Another important consideration is the role of the COVID-19 vaccine in the development of OI. While the vaccine has been shown to have numerous benefits in preventing severe illness from COVID-19, some patients have reported experiencing symptoms similar to Long-COVID after vaccination, including OI and POTS. In our study, two patients developed orthostatic symptoms following COVID-19 vaccination, and it is crucial to continue monitoring these individuals to assess the long-term effects of the vaccine on autonomic function. Understanding the relationship between the vaccine and the onset of POTS may provide insights into the broader mechanisms at play and help guide future management.

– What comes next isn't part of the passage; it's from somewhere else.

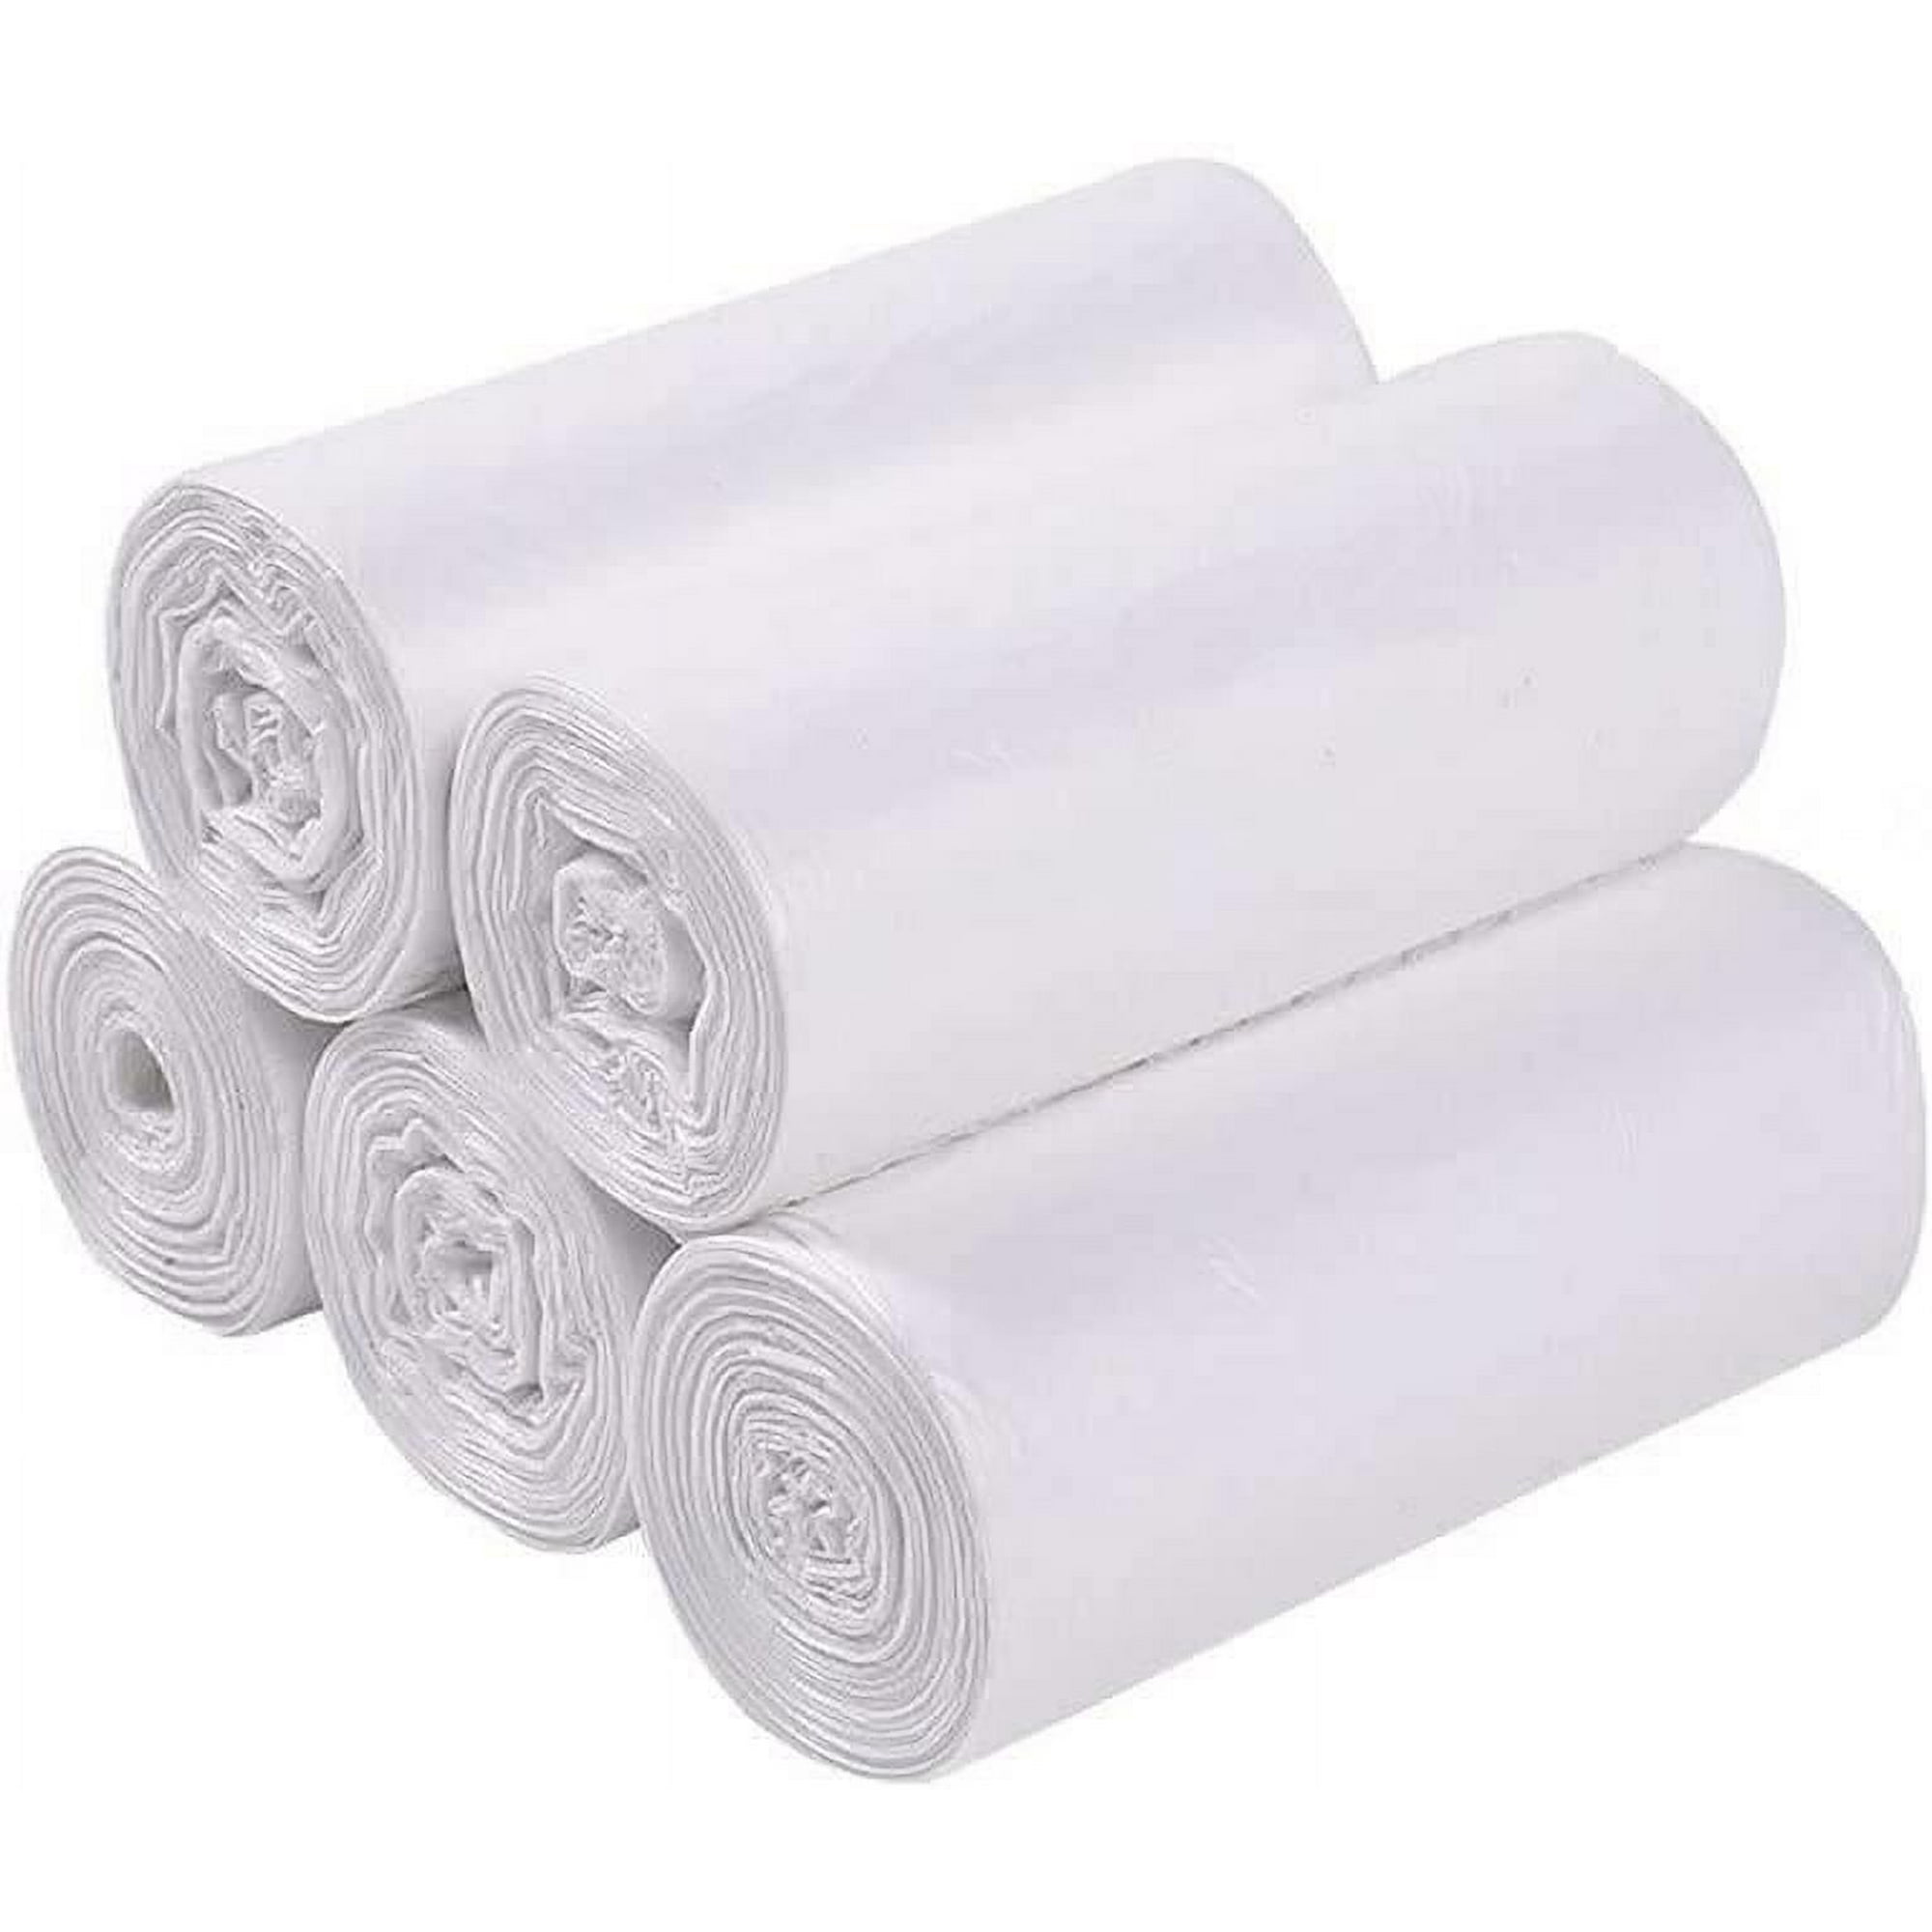 5 Rolls Small Trash Bags - 100 Counts Durable 4 Gallon Small Garbage Bags  for home office kitchen Ba…See more 5 Rolls Small Trash Bags - 100 Counts

This study also highlights the need for a comprehensive approach to diagnosing and managing OI in the context of Long-COVID. Although autonomic studies, including tilt table tests, Valsalva maneuvers, and QSART, are helpful in identifying autonomic dysfunction, they should be interpreted in the broader context of the patient’s clinical presentation. Given the complexity of the ANS and the potential for overlapping symptoms with other conditions, careful differentiation between POTS, other forms of OI, and other potential causes of dizziness and syncope is essential. Multidisciplinary collaboration between cardiologists, neurologists, and autonomic specialists will be crucial in optimizing the care of these patients.
Limitations of this study include the small sample size. In the future, this study could be conducted with a larger sample size and include comparisons in test results between patients with a POTS diagnosis versus those with an OI diagnosis, as well as comparisons between patients who developed symptoms during or after a COVID-19 infection versus those who developed symptoms after the COVID-19 vaccine. More research is needed to understand the long-term outcomes of these patients.
Conclusions
In conclusion, our study provides valuable insight into the increasing prevalence of OI, including POTS, in pediatric patients following COVID-19 infection or vaccination. The findings highlight the significant impact of Long-COVID on autonomic function in children, with abnormal results in autonomic testing, such as tilt table tests, Valsalva maneuvers, and QSART. Further research is essential to better understand the long-term effects of Long-COVID and develop effective management strategies for affected patients.